The configuration will match all traffic arriving based solely on its port and protocol, and send it to the SSR's Linux subsystem. Here is a relevant configuration excerpt:

admin@labsystem1.fiedler# show config running authority service ntp-iot
config
authority
service inbound-ntp
name inbound-ntp
applies-to router-group
type router-group
group-name branches
exit
description "Local NTP"
scope private
transport udp
protocol udp
port-range 123
start-port 123
end-port 123
exit
exit
address 0.0.0.0/0
access-policy trusted
source trusted
exit
access-policy guest
source guest
exit
access-policy corporate
source corporate
exit
share-service-routes false
exit
exit
exit

This configuration will match any destination IP address (0.0.0.0/0) for NTP (123/UDP). As in the previous example, we've added access-policy statements for the three tenants that we see on the LAN segments at our branch locations. Likewise, we've added a applies-to configuration block, to ensure that this service is only pushed down to the routers we've tagged as belonging to the branches group.

warning

Do not also add the _internal_ tenant to the access-policy list, as this is (typically) the tenant that the SSR will use when sending traffic outbound to external NTP servers. We want to ensure the SSR – and only the SSR – clocks off of an external source.

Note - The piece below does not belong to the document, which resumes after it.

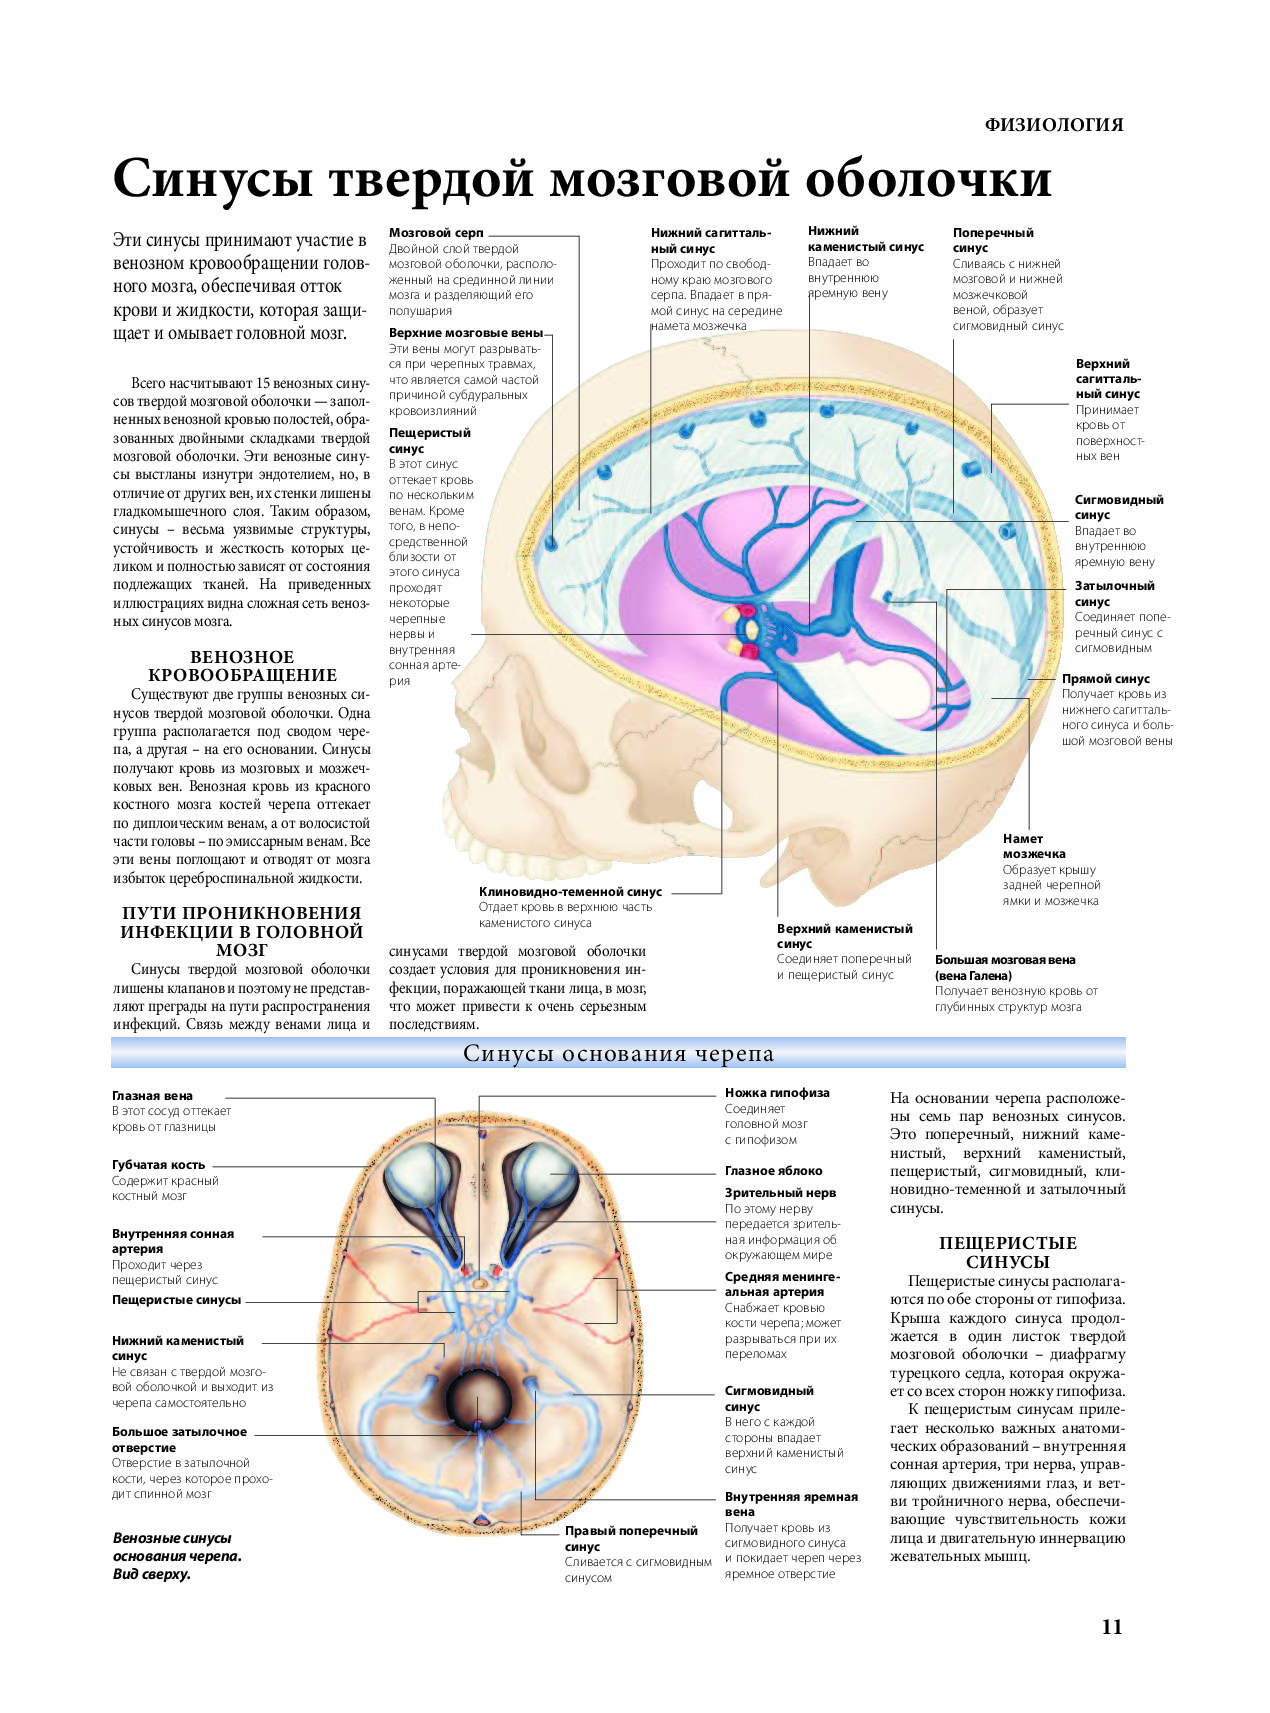 Синус оболочки мозга. Синусы твердой мозговой оболочки топографическая анатомия. Вены синусы твердой мозговой оболочки. Топография синусов твердой мозговой оболочки. Венозные синусы головного мозга анатомия.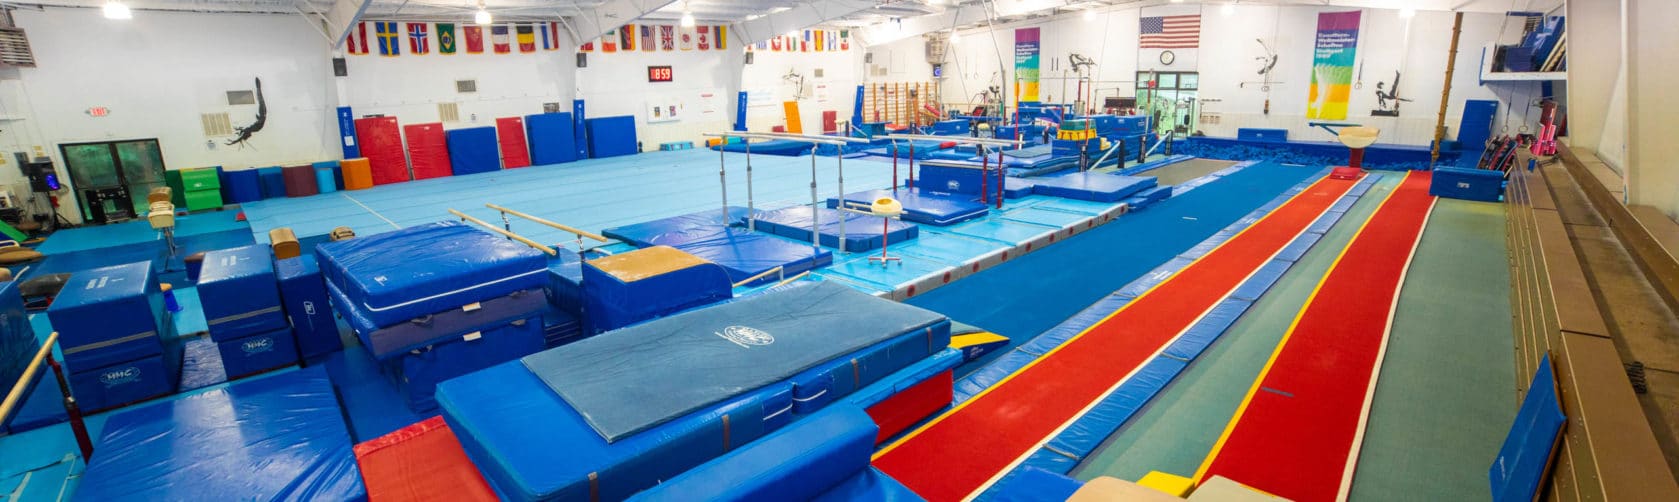 Gymnasium with mats

On each router, we'll configure a service-route that looks like this:

admin@labsystem1.fiedler# show config runn authority router branch1 service-route rte_inbound-ntp

config
authority
router branch1
name branch1
service-route rte_inbound-ntp
name rte_inbound-ntp
service-name inbound-ntp
nat-target 169.254.127.127
exit
exit
exit
exit

This service-route leverages Linux host networking to send packets to ntpd using the kni254 interface present on all SSR devices.

Conclusion

Avoiding unnecessary WAN traffic is always a welcome change, Using the SSR to provide NTP clock to devices at the branch ensures a consistent time source for a collection of devices that are logically grouped already.